When you say every 2-3 drinks.... per day? Per week?


----------



## TheHToad (Sep 1, 2018)

MediumRoastSteam said:


> When you say every 2-3 drinks.... per day? Per week?


 Oh, I meant every 2-3 espressos, one would be with milk


----------



## MediumRoastSteam (Jul 7, 2015)

TheHToad said:


> Oh, I meant every 2-3 espressos, one would be with milk


Let me ask differently....

How many espressos do you drink per day? You say "every 2 or 3" but you don't say how many coffees you make per day or per session (I.e: in a row).

For example, if you make 1 espresso per day, and drink s flat white every 3rd day, it's very different than if you make 15 espressos per day.

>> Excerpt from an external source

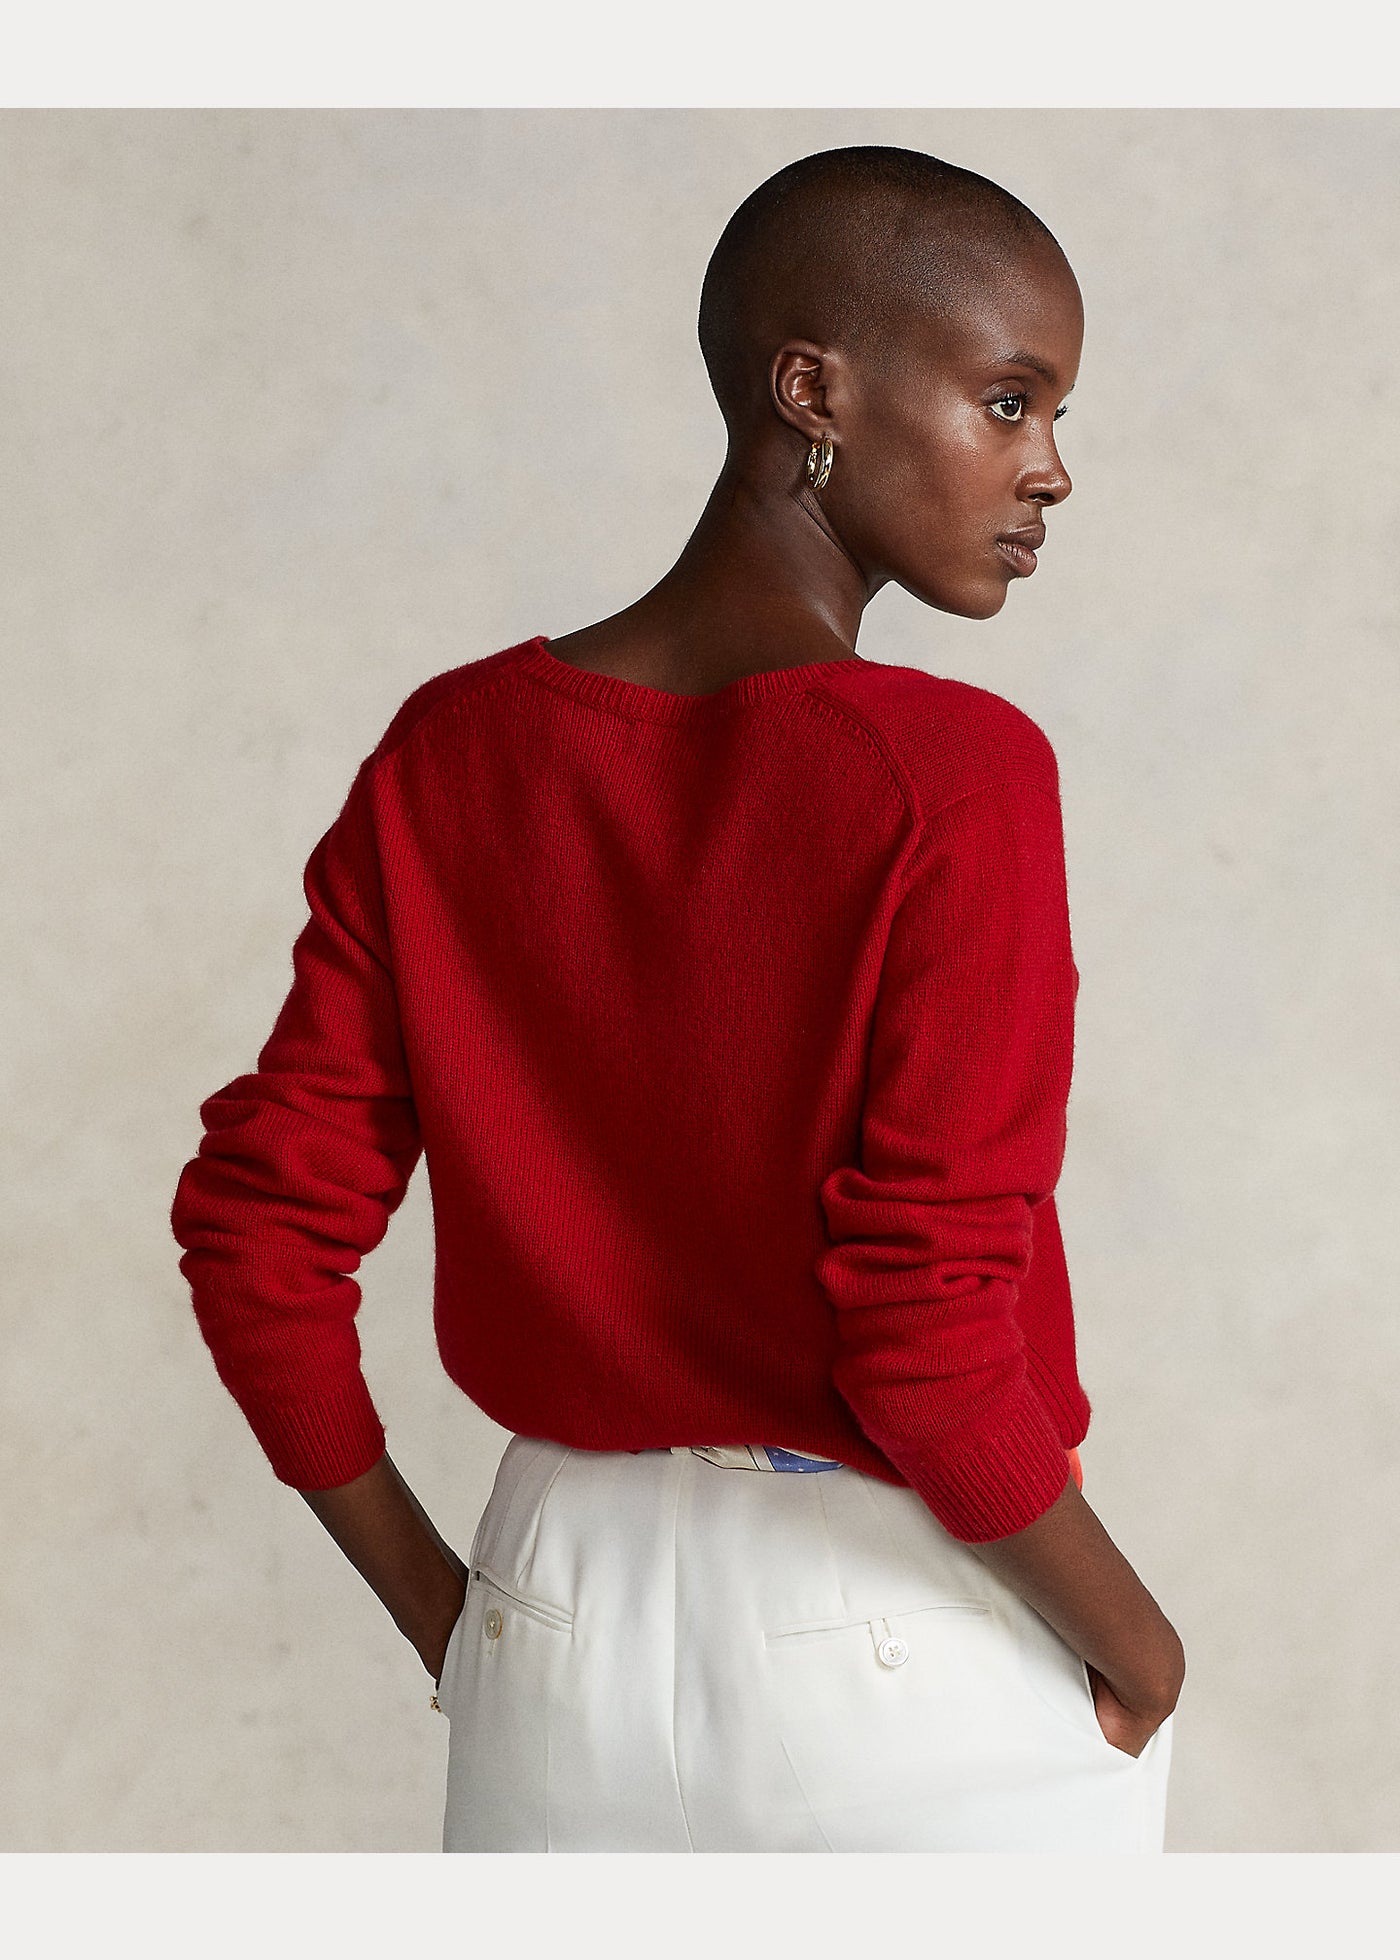 retro maglione ralph lauren donna rosso su modella

Frequency is different from quantity!


----------



## TheHToad (Sep 1, 2018)

Normally have 3-5 cups a day, but that also includes pour-overs

if espresso only, ranges from at least 1/day to 3/day on my own

different story if I have friends over


----------



## MediumRoastSteam (Jul 7, 2015)

So, I have a La Pavoni, which I downgraded from an e61 machine.

The grinder is a Niche.

I would not recommend the Pavoni if you make multiple drinks in a row (e.g: friends, family). The Pavoni is great if you are the sole drinker in the house (ok, 2 max) and want to turn on, wait 10-15 minutes and make one or a couple of drinks. When my parents were around, I found using the Pavoni a chore rather than a pleasure. Saying that, some people have multiple baskets so they can pre-prepare them in advance and pull shot after shot. Of course, in the Europiccola, a maximum of 4 drinks can be made with a full tank, 8 with the Pro.

It was a different story with the dual boiler. It was a o,easier to make drinks in a row for friends and family, but, what I did not like was the size (I didn't mind, my wife didn't like the fact it took a big chunk of the kitchen), heat up time and maintenance. Apart from that, it was great.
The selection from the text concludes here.